If you're trying to talk about the impact of American universities on
America's innovative capacity and America's economy, then yes, it matters how
many students and graduates are American-born -- because only an extreme few
of those immigrant students are getting Green Cards. It also matters to
consider _American-born_ students rather than all citizens and prospective
citizens because we're trying to get an indication of what people think about
the American labor market. The best way to measure that is to look at people
who are confined to the American labor market.

If we had a "points-based" immigration system like Canada, say, I would be
asking how many graduates are American citizens. But we don't. Most
international students I met were planning on either going "back home" or
rising through further academic degrees (ie: grad-school) in order to continue
their visas long enough to at least _try_ for a Green Card and/or American
citizenship. The economic impact of the latter is limited to academia....
which gets us back to the very problem I've been trying to articulate: that
academia (in the sense of teaching and research, _not_ just university incomes
or spending) has been killed off as a major economic engine in America.

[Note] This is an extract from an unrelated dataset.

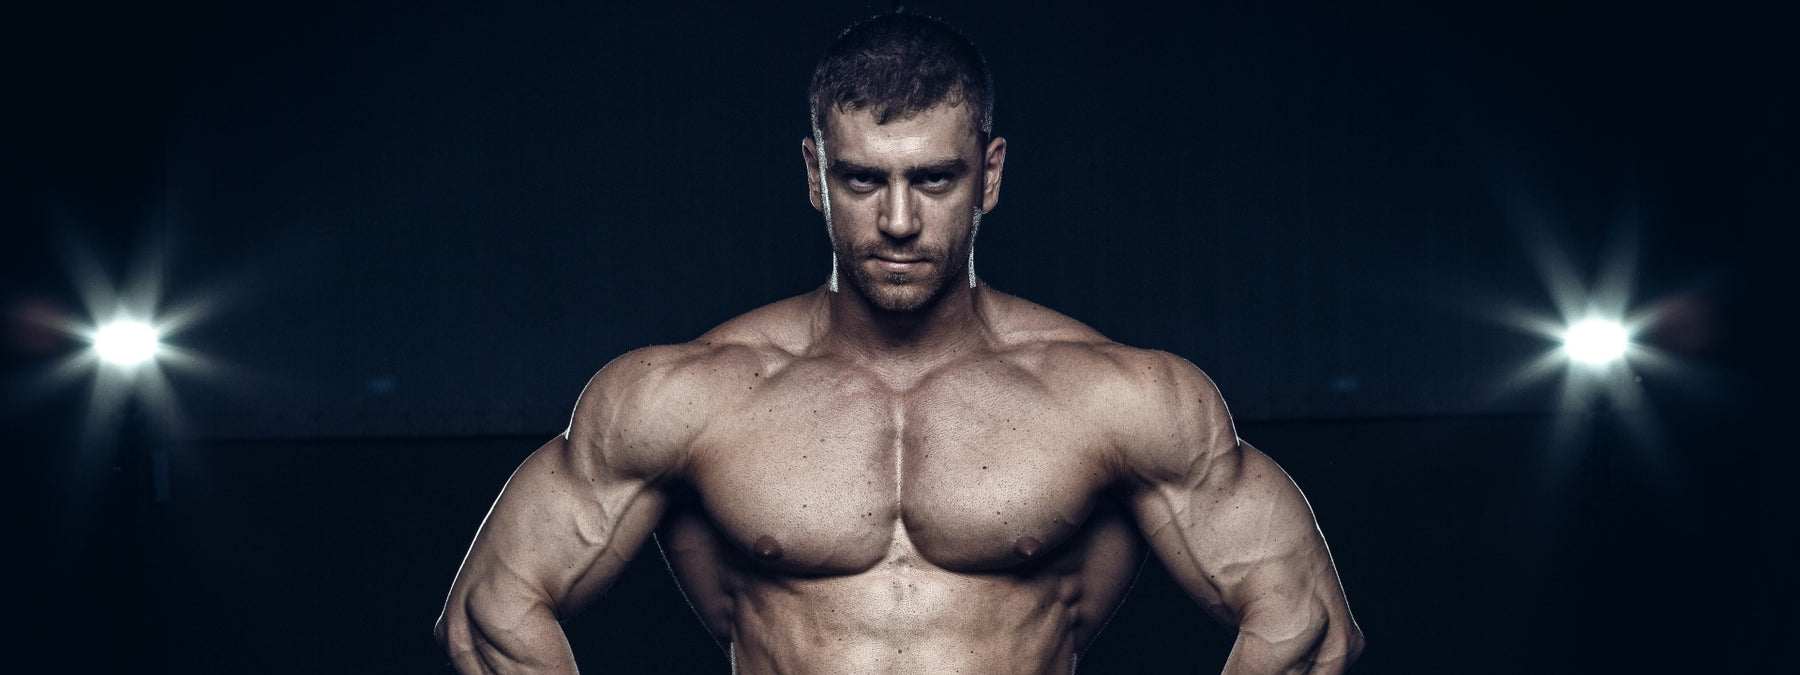 Power, Pain, Pump - The 3P Chest Workout Routine
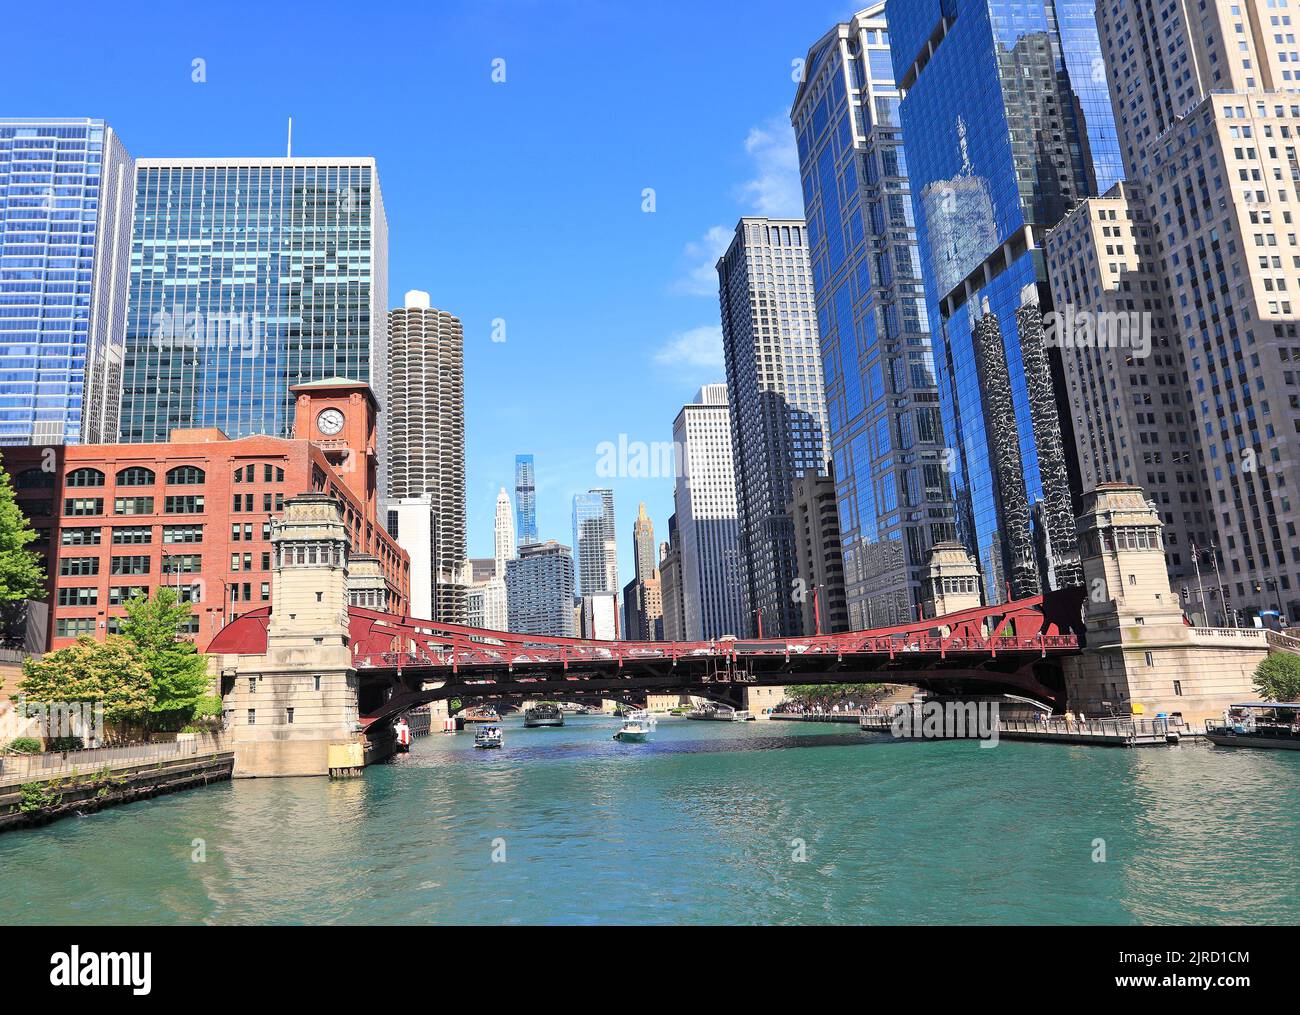 Chicago sightseeing cruise and skyscrapers skyline on the river, Illinois, USA Stock Photo

[http://infoproc.blogspot.co.il/2008/05/dont-become-
scientist...](http://infoproc.blogspot.co.il/2008/05/dont-become-scientist-
philip-greenspun.html) \-- here is our problem, described twice. American STEM
innovation/research is a _bad career path_. That's the core problem, but
people keep trying to fix it by... futzing around with the immigration laws so
that America can exploit foreign labor and foreign investments in education
and research training rather than having to pay for the innovators it
supposedly wants.

------
Gojja
I don't like the ratings. It says nothing about how good the university is for
students. Only how many papers etc. the university publish.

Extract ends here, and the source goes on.